Intro to SQL: turning a data design into reality
Tue, Jun 14

SQL (Structured Query Language) is a method for writing queries for tabular data that is commonly used across a wide array of databases. While each database software (from MySQL to PostgreSQL to SQLite to Oracle) has its own extensions to the language, we will be looking at the core functions that you will generally be able to apply to almost any database.

Likewise if you query data in programming languages like Python’s pandas or R’s dplyr, you will see very similar concepts to the ones we’ll learn here.

SQLite

SQLite is an extremely widely-used database software and format. It’s special because unlike MySQL, PostgreSQL, or other databases that run as a separate ongoing process on your machine or on a remote server, SQLite sits as a single self-contianed file in your filesystem. It is a great way to explore SQL and relational database creation because there is virtually no software setup involved.

A wide nubmer of programs - desktop GUIs, command line, ad browser-based, can interact with SQLite files.

This tutorial will focus first on using sqlite for data quering and analysis, and only secondarily on using it for data entry and editing. We will not be going over key database concepts such as indices and transactions. These are very important features, but because they relate more towards programming database-backed applications and issues of performance optimization, they are out of scope for this introductory lesson.

Quick references

Navigate to https://sqliteonline.com. This website uses an implementation of SQLite that runs entirely in your internet browser (like Palladio), so your data does not leave your computer. It also provides a query editor with affordances like autocompletion and formatting, and a query result dispay that provides a nicely-formatted table.

Download the lesson data to your computer: normalized_knoedler.sqlite3

In the sqliteonline menubar, select File -> Open DB, and select the normalized_knoedler.sqlite3 file you just downloaded. (N.B. sqlite files have a bunch of possible file extensions, but you’ll often see .db, .sqlite, and .sqlite3, the latter noting that the file was made with the most recent major version of SQLite available from 2004)
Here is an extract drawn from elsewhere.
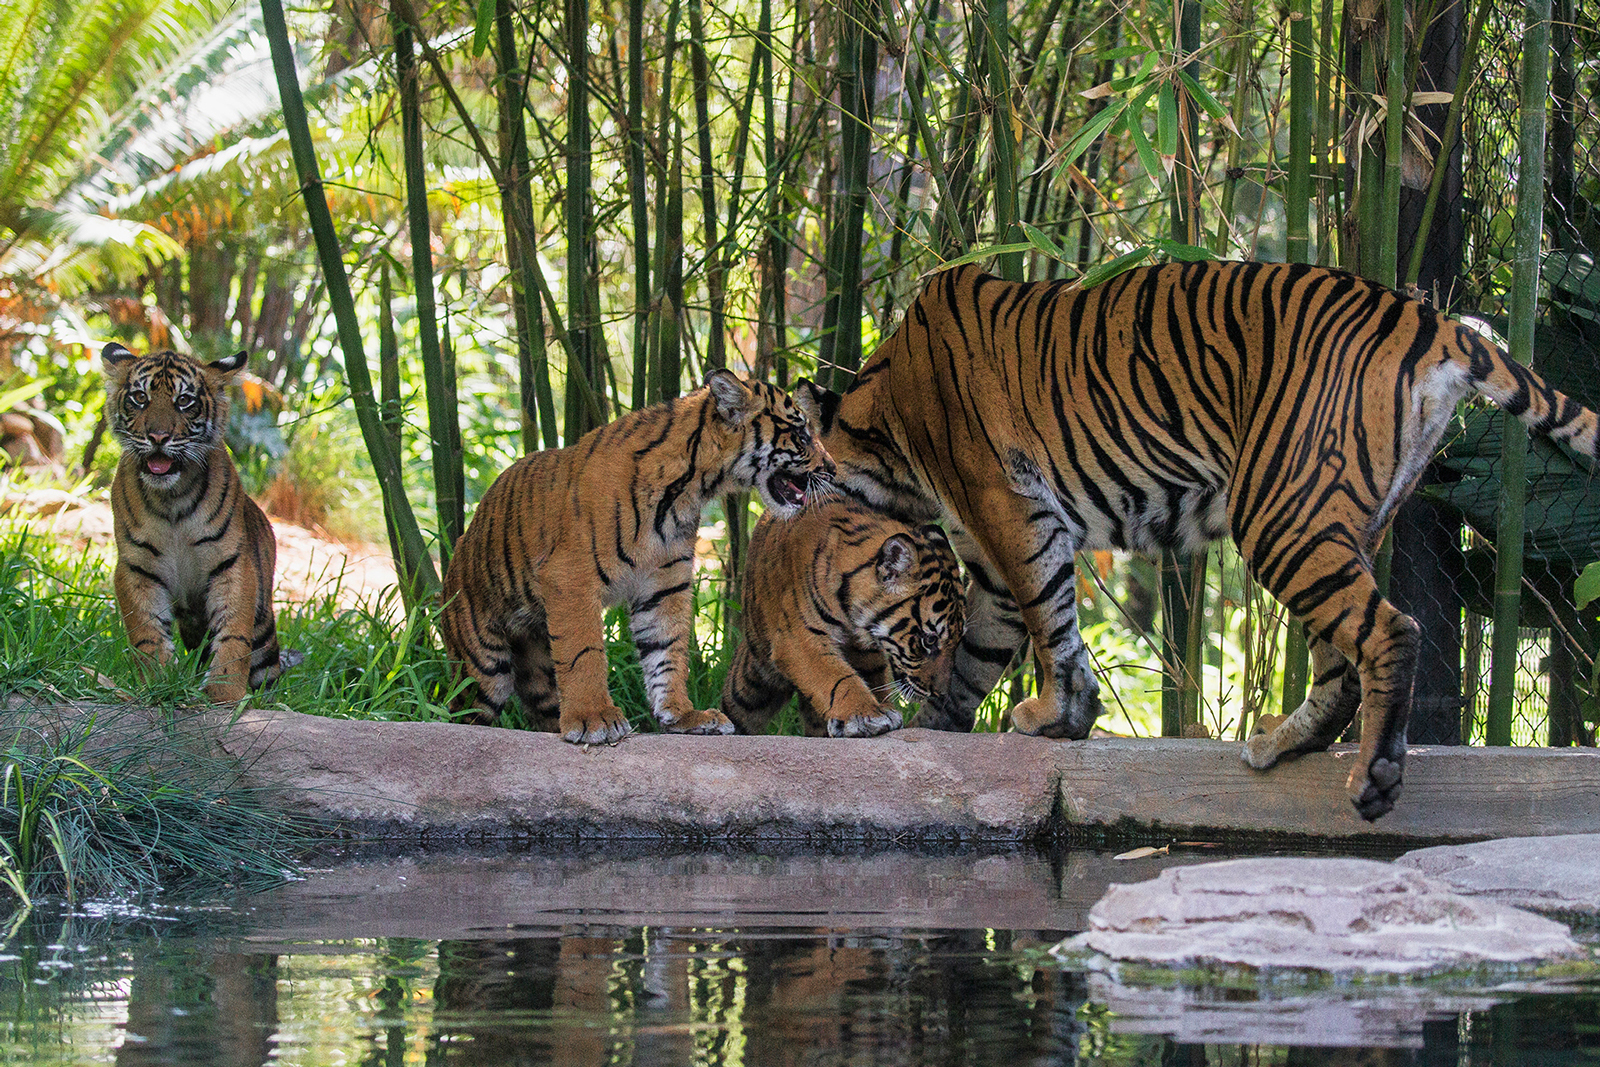 Tiger Cubs Explore New Habitat at the San Diego Zoo Safari Park

This file contains the exact same information as we used in the Palladio lesson, but arranged according to a different database schema:

  1. sales
  2. artists
    1. join table between sales and artists
  3. collectors
    1. join table between sales.sellers and collectors
    2. join table between sales.buyers and collectors

SELECT, INSERT/UPDATE, JOINS

Together, we will walk through:

  1. Getting all data from a table
  2. Getting select columns from a table
  3. Getting select rows from a table
  4. Limiting/skipping results
  5. Computing new columns based on existing ones
    1. Arithmetic
    2. String concatenation with ||
    3. CASE WHEN
    4. COALESCE
    5. Dealing with dates - date() and julianday()
  6. Wildcard searching with LIKE
  7. UNION and INTERSECT queries
  8. Aggregation with GROUP BY
    1. COUNT
    2. SUM, AVG, MIN, MAX
    3. group_concat(x, sep)

Creating tables and constraints

  1. CREATE TABLE
  2. Specifying columns / attributes
    1. PRIMARY KEY
    2. TEXT / INT / FLOAT
    3. UNIQUE
    4. NOT NULL
    5. DEFAULT
  3. INSERT data with VALUES
  4. FOREIGN KEY (run PRAGMA foreign_keys = ON; first!)
  5. CHECK constraints on columns and tables
    1. Checking for valid dates with CHECK (datecol IS date(datecol))
  6. Compound UNIQUE
  7. Running bulk UPDATE

Compound queries

  1. Storing queries with VIEWs
  2. Common Table Expressions (WITH inter_tbl AS (SELECT ...) SELECT ... FROM inter_tbl...)

More software

Create tables and then import from CSVs:

https://sqlitebrowser.org/